Still, every damn time some smartass parent would ask, “So, aren’t you Princess Mulan?”

sign o’ the season

Welcome to the Boxing Day sale madness. In a perfect flowering and manifestation of the Zeitgeist of today, the day after the anniversaryof the blessed Saviour’s birth, we find that the tenth most popular blog post on WordPress today (out of an estimated half-million or so) is Top Ten Ways to Avoid Foreclosure.

“Stay out of Best Buy” is curiously absent.

getting carded

This, for the record, is a post about Christmas cards.

First of all, there are two kinds of people: the people who divide everything into categories and those who don’t. Sure, you’ve heard it before, but it’s still funny, and it’s still true.

I’m the former, masquerading as the latter.
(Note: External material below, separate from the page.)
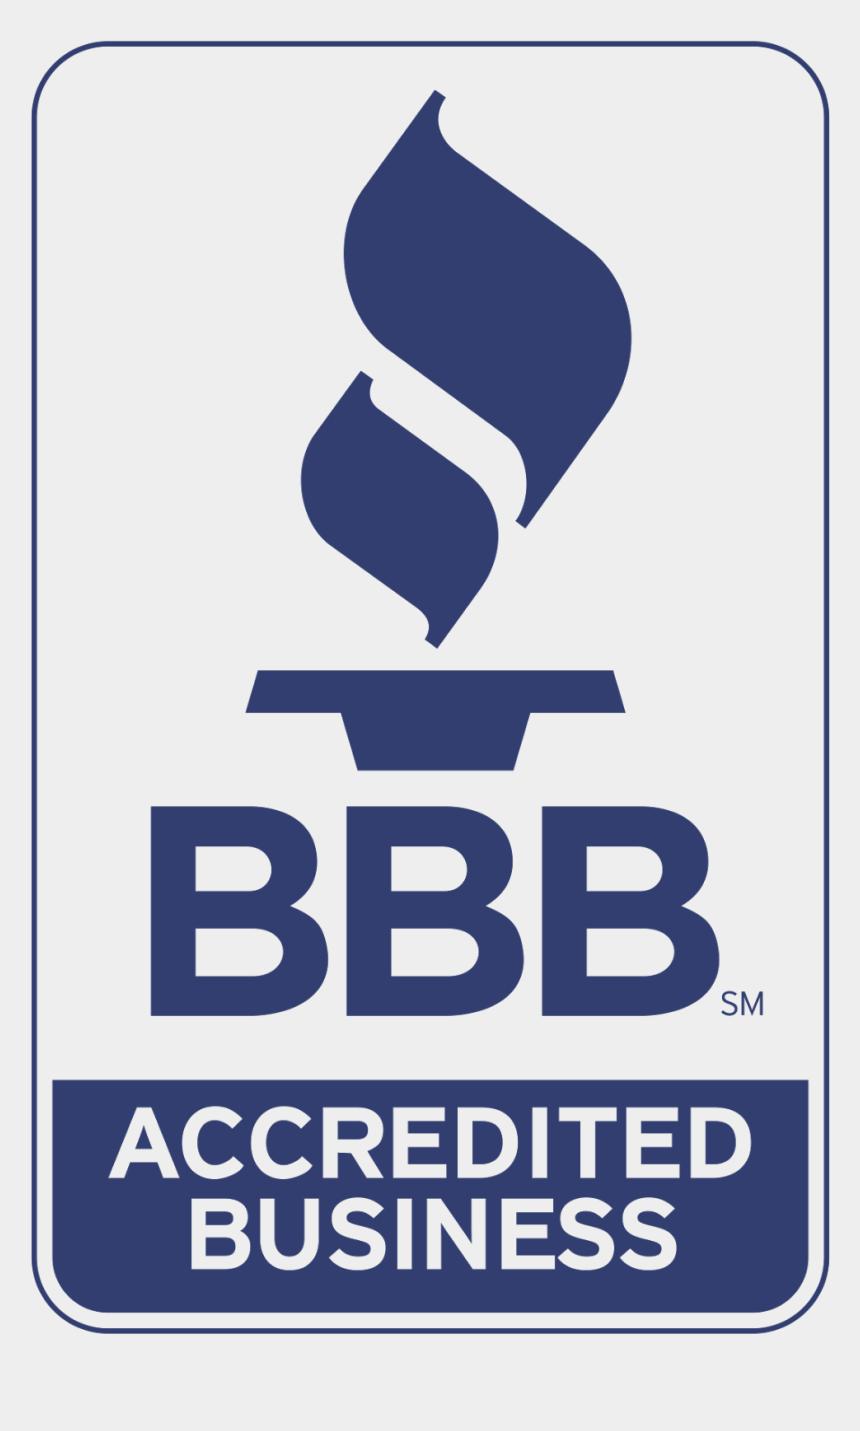 using clipart for business logo, Cartoons - 05 May Better Business Bureau Logo Vector - Better Business Bureau Logo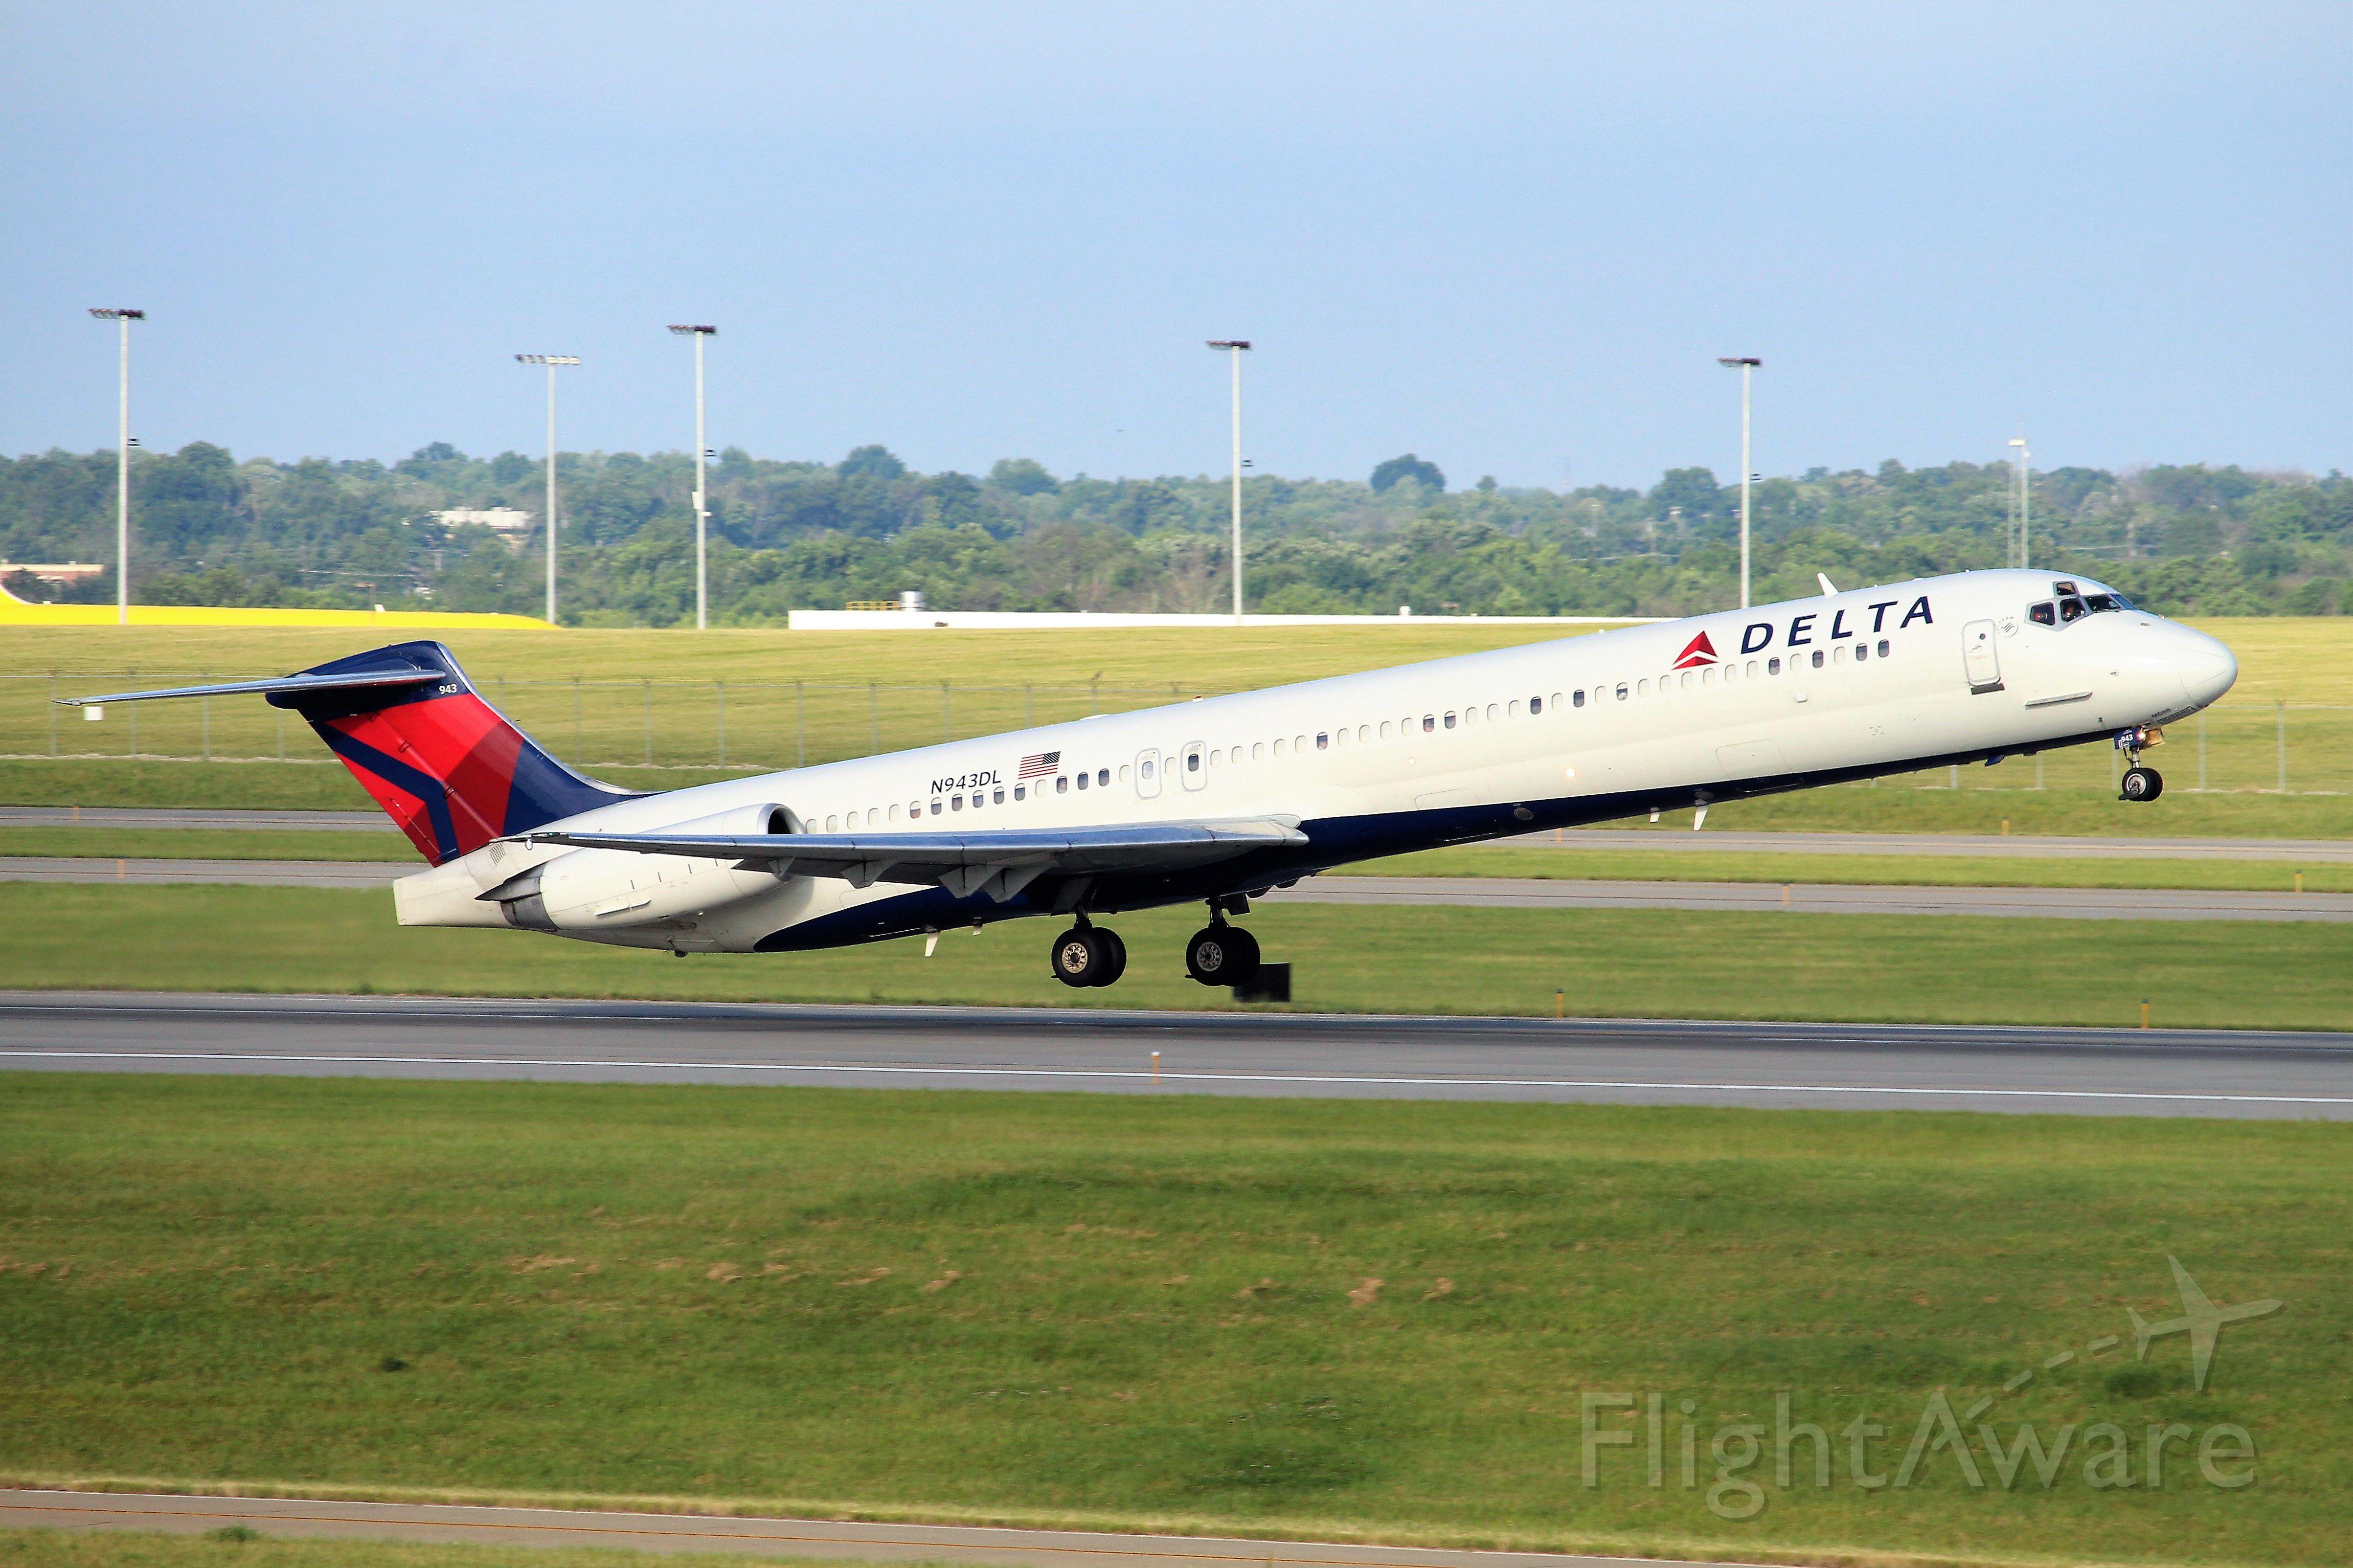 McDonnell Douglas MD-88 (N943DL)

Under this carefree, warm and fuzzy hippie facade you’ll find a heart of … well, science has, in fact, been puzzled by that for decades; it’s a bit like the elusive Giant Squid, only like way elusiver, and if they ever capture it on video I shall immediately post the YouTube, yew betcha.

In any case, I do find myself living in a dichotomous world, and whether or not that is completely subjective or not isn’t a question I bother my pretty (and newly red) head about: after all, if the world IS completely subjective, my take on it is obviously and by definition correct. If it is objective, my take on it is still obviously and by definition correct, and things are made much simpler by the fact that other people are forced to acknowledge this, even sometimes really stupid ones.

Christmas cards. It’s a post about Christmas cards.

There are two kinds of Christmas cards. There are the kind you fall in love with at Granville Island, deep in the heart of the bourgeois yet nonetheless charming West Side. For each of these, you pay approximately the amount I spend on my main meal each day, and for once I am not joking, although it must be admitted that my meals consist primarily of bean thread noodles, chicken stock, and whatever veggies were on sale that day at Sunrise Market.

They look like this:

West Side Cards, cuz that's how we roll, yo

And then there are the cards that you are just walking down Dunlevy past the Franciscan Sisters of Mercy Bread Jardin lineup (management must here point out that it is, at this time of year, actually a combination soup/bread jardin, to be technical-minded) of assorted impecunious individuals, and one of them (it is not clear whether he is a volunteer, a staffer, or just an above-noted assorted impecunious individual, although he is certainly not a Franciscan Sister of Mercy or, indeed, of anything else) just hands you out of a box.

A big handful. Ten or twelve at least. I’m talking Granville Island lunch money for a week-type number of cards!

And he says, “Merry Christmas, have some Christmas cards.” And he hands me a mittful.

And I say, “Huh?” because sometimes I am a wee bit slow on the uptake, and I’m wondering if this is going to be followed by some kind of pitch, or if, indeed, he has rolled some poor old widder lady, the sole hope of penmanship on the Downtown EastSide, and stolen her Christmas cards, but no, it appears that he merely has a whole whack of cards that the Catholic church wants him to give away, so he does.

Will I burn in Hell if I think to myself that his offer means I should be wearing a more expensive kind of jacket to be walking around this neighborhood in? Perhaps I will, and I struggle for a moment with the idea of handing back the cards to give to the needy, but that’s what he’s already doing, for lo, I certainly have more than eight friends, and I certainly have no more money for no more fancy West Side cards.

And, as it turns out, these Downtown EastSide nun-sponsored freebies do, in fact, look pretty spiffy:

Downtown EastSide cards, cuz that's how we ALSO roll, yo

So, the world of Christmas cards is divided into two kinds; the kind you buy at the store, and the kind that fall from the sky like flakes once you run out of money.